To guide our revisions, prioritize clarity over completeness, build from concrete examples to general principles, and use accessible language appropriate for undergraduate students. Match my existing formatting conventions. Ask before making structural changes that alter the mathematical flow or emphasis.

Before reviewing my materials, ask me three questions that will help you understand my students, my goals, and what ‘better’ looks like for these notes.

If you’ve got a set of course notes that never quite match your textbook, this is worth trying. You don’t need to rebuild an entire course at once. Pick one topic that’s always felt scattered or poorly sequenced, drop your materials into a Project workspace along with the starter prompt above, and see if “You + AI” can produce something your students would actually want to read.

An Update from the Shire

All of this—the rewritten notes, the AI collaboration, the human-in-the-lead approach—reminds me of a student I wrote about back in May 2024. He was my earliest proof that the cyborg model works.

In that two-part post, I shared the story of my student “John,” who learned to use generative AI as a genuine learning partner on his calculus assignments. John even presented this work with me at MathFest 2024.

Now a senior, John applied to several top master’s programs in AI: Columbia, Boston College, University of Chicago, Cornell, and Carnegie Mellon. To his excitement and mine, he got into every one. This fall, he’ll join the Cornell Business program in New York City.

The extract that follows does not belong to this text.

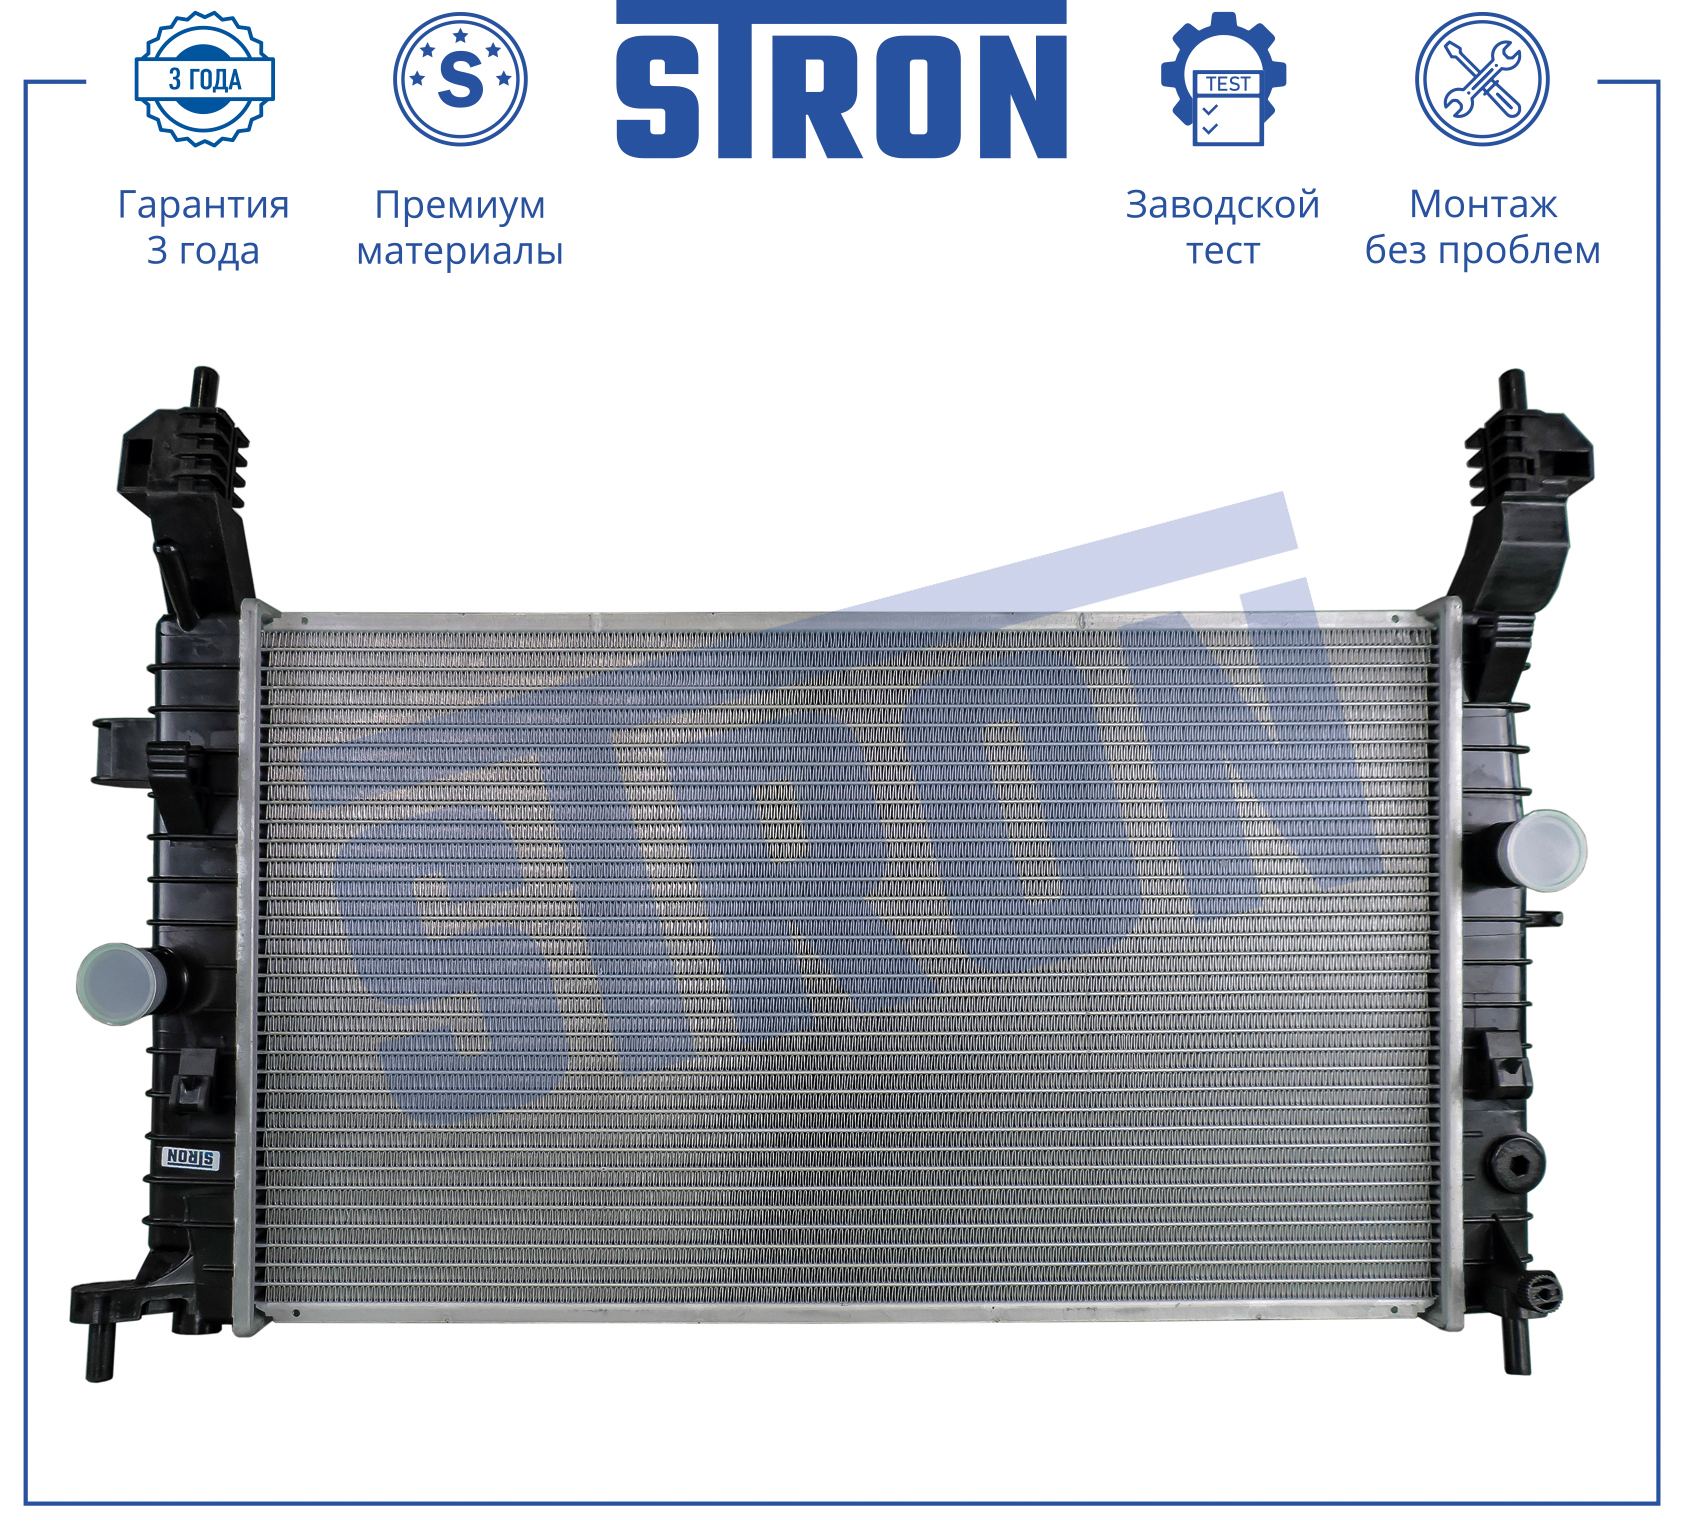 STRON STR0287 Радиатор двигателя (Гарантия 3 года, Увеличенный ресурс)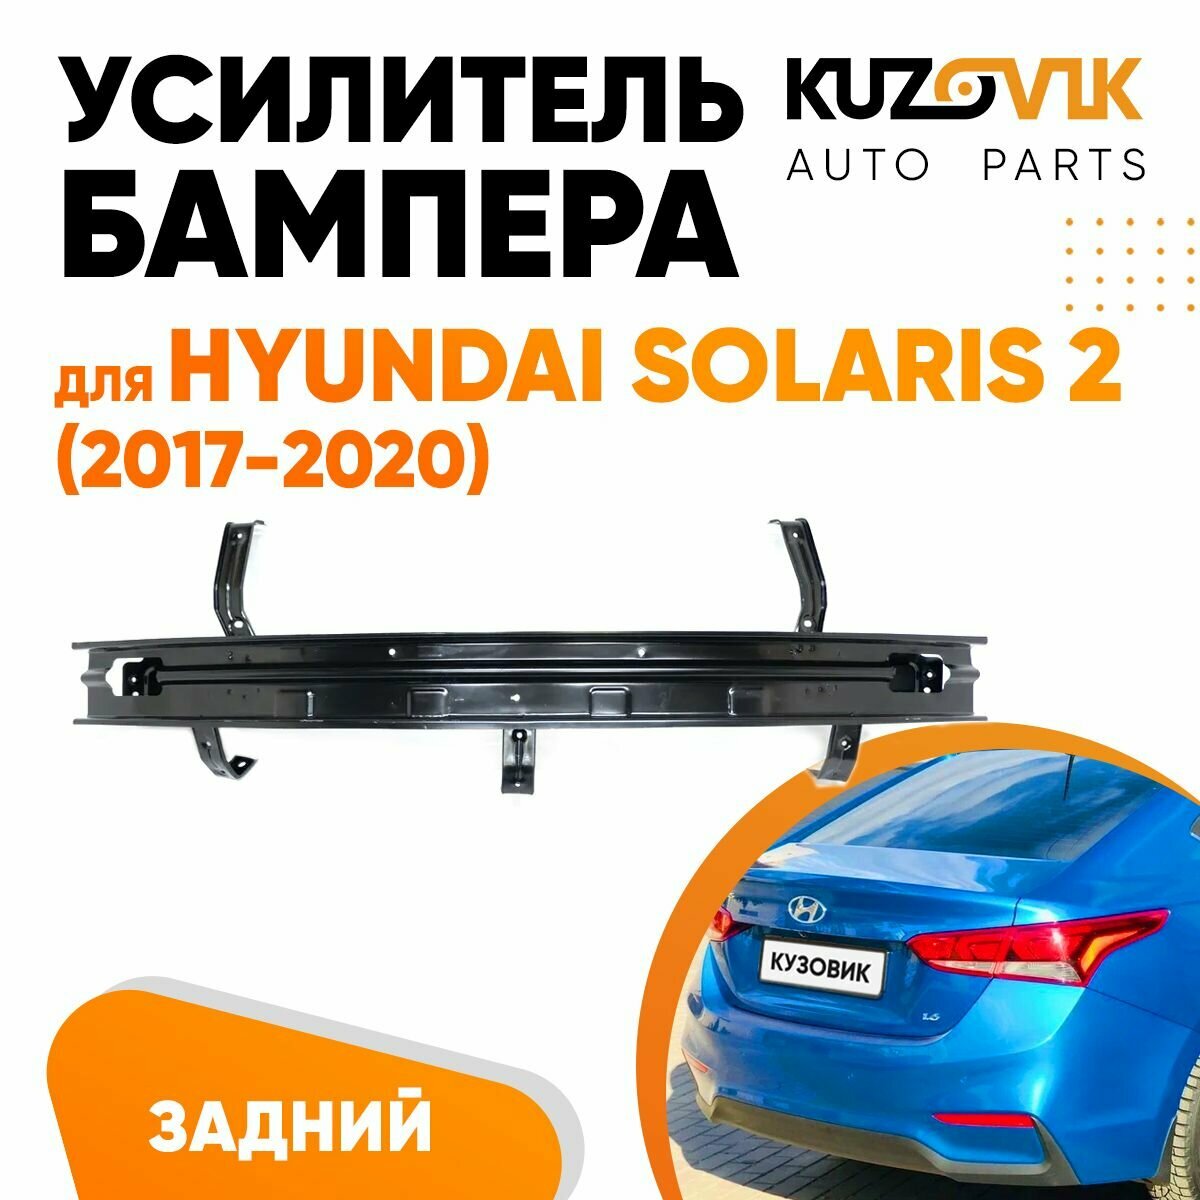 Усилитель заднего бампера для Хендай Солярис Hyundai Solaris 2 (2017-2020), абсорбер

I’m excited to see this young hobbit leave the Shire and take his skills to the big city. Perhaps I should leave a few blank pages at the end of this column for him to fill in his own chapter when he’s ready. After all, that’s what Frodo did for Sam.

AI Disclosure: This piece was written in partnership with Claude, which helped me organize the structure, edit for clarity, and identify gaps. The ideas and experiences are mine.


Lew Ludwig is a professor of mathematics and the Director of the Center for Learning and Teaching at Denison University. An active member of the MAA, he recently served on the project team for the MAA Instructional Practices Guide and was the creator and senior editor of the MAA’s former Teaching Tidbits blog.